Data were analyzed using software for preparing and maintaining Cochrane reviews (Review Manager, version 4.1; Cochrane Collaboration, Syracuse, NY) and statistical analysis software (Stata 8.0; Stata Corp, College Station, Tex). For each genetic marker (polymorphism) for which data were available for at least 3 studies, a meta-analysis was carried out. For each gene variant, a pooled odds ratio (OR) was calculated using fixed- and random-effects models, along with the 95% confidence interval (CI) to measure the strength ofthe genetic association. Fixed-effects summary ORs were calculated using the Mantel-Haenszel method,11,12 and the DerSimonian and Laird method was used to calculate random-effects summary ORs.13
Tests for heterogeneity were performed for each meta-analysis (with significance set at P < .05).14 For assessment of publication bias, we used the funnel plot and the Egger regression asymmetry test.15 In addition, the effect of individual studies on the summary OR was evaluated by reestimating and plotting the summary OR in the absence of each study.

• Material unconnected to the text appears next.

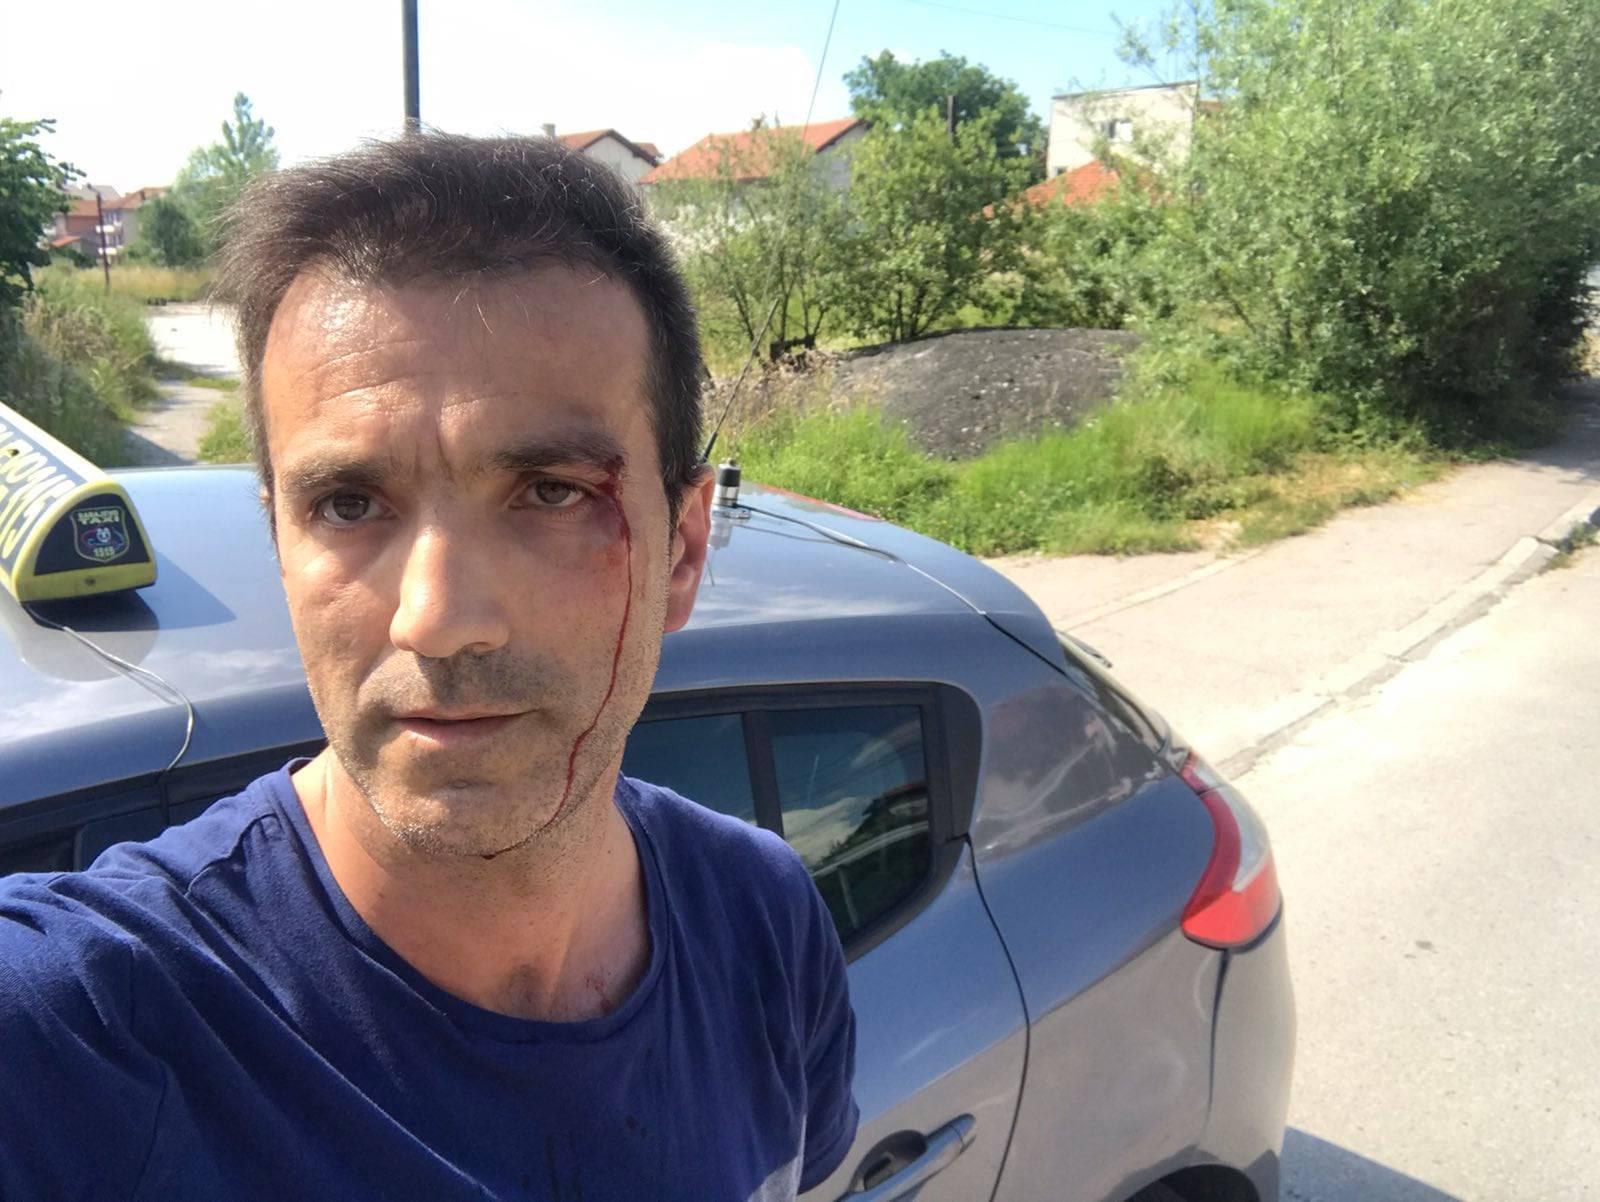 Napadnuti taksista Mirza Geljo: Udarali su me šakama u lice dok nisam uspio da se izvučem

The proportion of stroke cases in the population that could be attributed to a particular genetic variant (population-attributable risk [PAR]) was estimated as follows:
PAR = 100 × [Prevalence (OR − 1)/Prevalence (OR − 1) + 1].
For this calculation, we used the fixed-effects model, and we estimated the prevalence of exposure as the genotype frequency among control subjects.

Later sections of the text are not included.